Re: flush_dcache_page vs kunmap_local

From: Catalin Marinas
Date: Fri Nov 05 2021 - 15:40:59 EST


On Thu, Nov 04, 2021 at 11:23:56AM -0700, Linus Torvalds wrote:
> On Thu, Nov 4, 2021 at 11:04 AM Catalin Marinas <catalin.marinas@xxxxxxx> wrote:
> > We still have VIVT processors supported in the kernel and a few where
> > the VIPT cache is aliasing (some ARMv6 CPUs). On these,
> > flush_dcache_page() is still used to ensure the user aliases are
> > coherent with the kernel one, so it's not just about the I/D-cache
> > coherency.
>
> Maybe we could try to split it up and make each function have more
> well-defined rules?

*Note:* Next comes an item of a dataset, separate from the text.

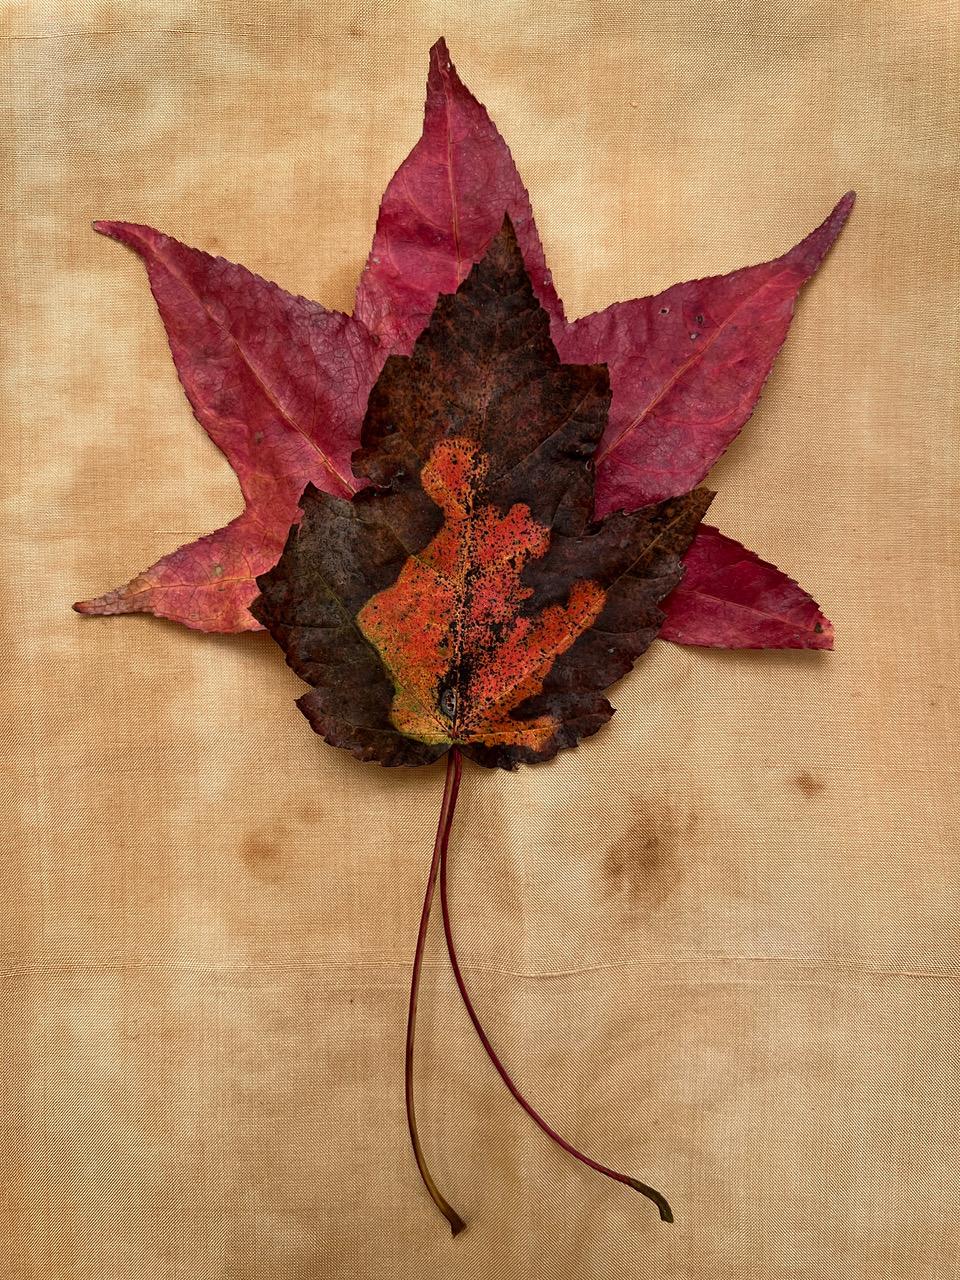 Paul Cava Color Photograph – Ohne Titel #3440 aus der Serie "Leaves": Natur-Stillleben-Blattfotografie mit Rot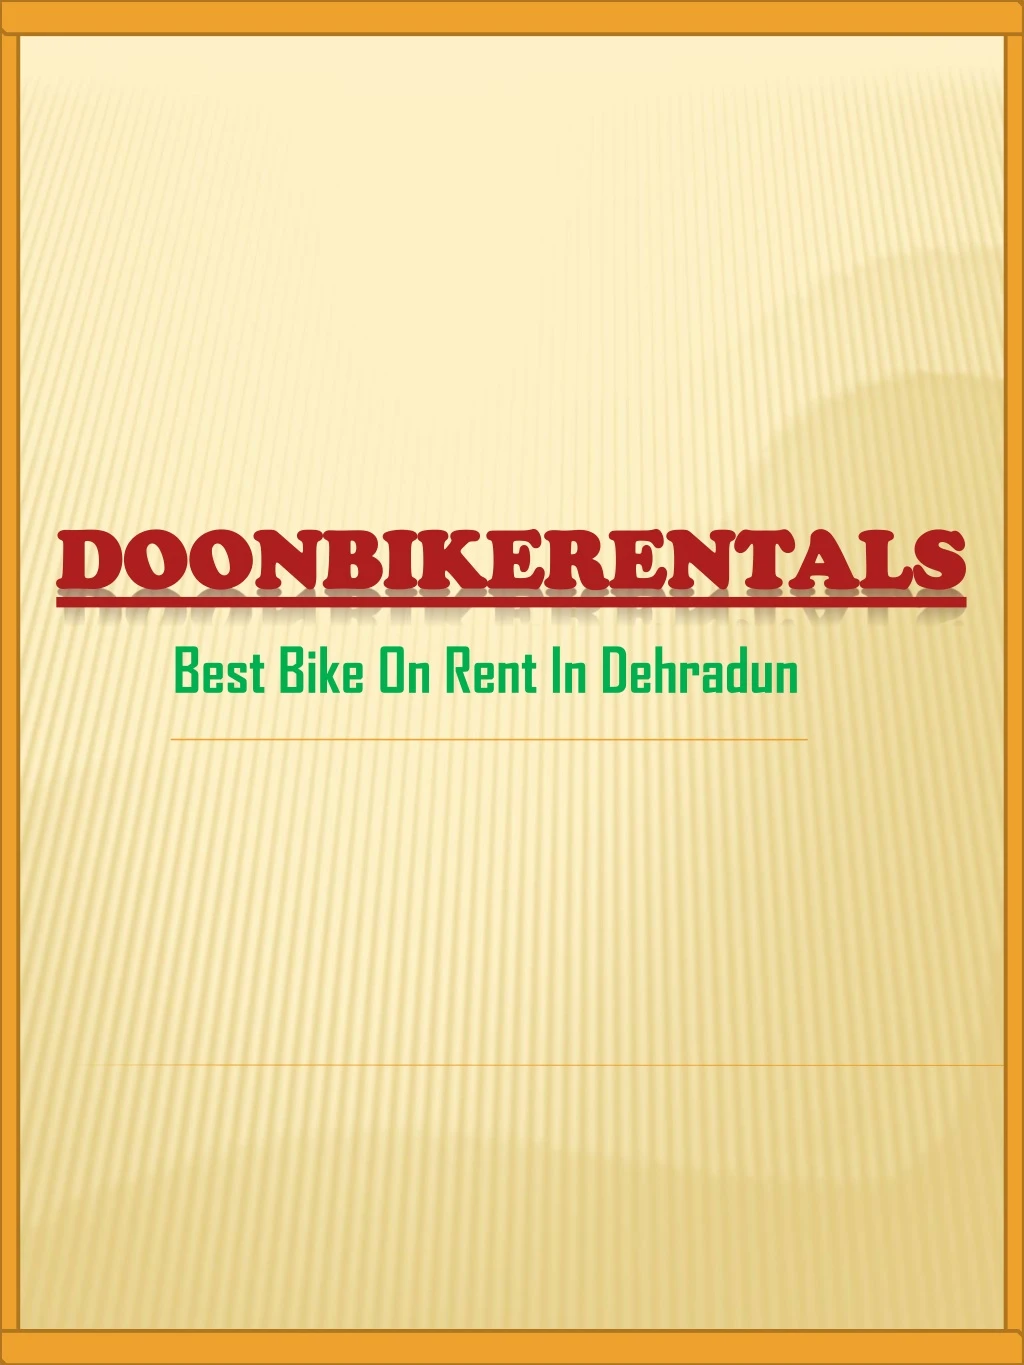 doonbikerentals doonbikerentals best bike on rent

One of the issues with the flush_dcache thing is
> that it's always been so ad-hoc and it's not been hugely clear.
[...]
> So VIVT arm (and whoever else) would continue to do the cache flushing
> at kunmap_local time (or kmap - I don't think it matters which one you
> do, as long as you make sure there are no stale contents from the
> previous use of that address).
>
> And then we'd relegate flush_dcache_page() purely for uses where
> somebody modifies the data and wants to make sure it ends up being
> coherent with subsequent uses (whether kmap and VIVT or I$/D$
> coherency issues)?

For PIPT hardware (I suppose most newish architectures),
flush_dcache_page() only matters with separate I$ and D$. So we can
indeed redefine it as only meaningful when a user page has been written
by the kernel (and maybe we can give it a better name).

For VIVT, kmap/kunmap() can take care of synchronising the aliases. If
the kmap'ed page has a user mapping, kmap() would also need to flush the
aliases, not just kunmap() (currently relying on flush_dcache_page() for
the read side as well). I suspect this is going to make kmap() more
expensive for those highmem pages only used by the kernel, or for pages
not yet mapped in user space (say during a page fault on mmap'ed file).
Long time ago on arm32 we used to do a check with page_mapping() and
mapping_mapped() but I think the latter disappeared from the kernel.

> > The cachetlb.rst doc states the two cases where flush_dcache_page()
> > should be called:
> >
> > 1. After writing to a page cache page (that's what we need on arm64 for
> > the I-cache).
> >
> > 2. Before reading from a page cache page and user mappings potentially
> > exist. I think arm32 ensures the D-cache user aliases are coherent
> > with the kernel one (added rmk to confirm).
>
> I think the "kernel cache coherency" matters too. The PTE contents
> thing seems relevant if we use kmap for that...
>
> So I do think that the "page cache or user mapping" is not necessarily
> the only case.

At least the arm32 set_pte() for VIVT caches does its own D$ flushing on
the kmap() address. So kunmap() flushing is not strictly necessary for
this specific case (I think). But there may be other cases where it
matters.

> But personally I consider these situations so broken at a hardware
> level that I can't find it in myself to care too deeply.

We've had them supported in mainline for so many years, and working
(mostly, there was the odd driver that did not call the right API). But
I'm fine with deprecating them, making them slower in favour of cleaner
semantics of kmap, flush_dcache_page etc.

> Because user space with non-coherent I$/D$ should do its own cache
> flushing if it does "read()" to modify an executable range - exactly
> the same way it has to do it for just doing regular stores to that
> range.

Yes, if the user did a read(), it should flush the caches it cares
about. I don't think we even have a flush_dcache_page() call in the
kernel in these cases, just copy_to_user(). Basically the kernel should
only flush if it wrote via its own mapping (linear, kmap).

However, with mmap(PROT_EXEC), the user expects the I$/D$ to be coherent
without explicit user cache maintenance, even with PIPT hardware. That's
where flush_dcache_page() matters.

We also had some weird bugs with a dynamic loader mapping a page
initially as PROT_READ|PROT_EXEC, doing an
mprotect(PROT_READ|PROT_WRITE) just to write some data (not text, so it
never thought explicit cache flushing by user was needed) and back to
mprotect(PROT_READ|PROT_EXEC). Because of the CoW, the new page did not
have the I$/D$ synchronised, leading to the occasional SIGILL. Again,
flush_dcache_page() after CoW is need, though hidden in the arch code
(we do this on arm64 in copy_user_highpage()).

--
Catalin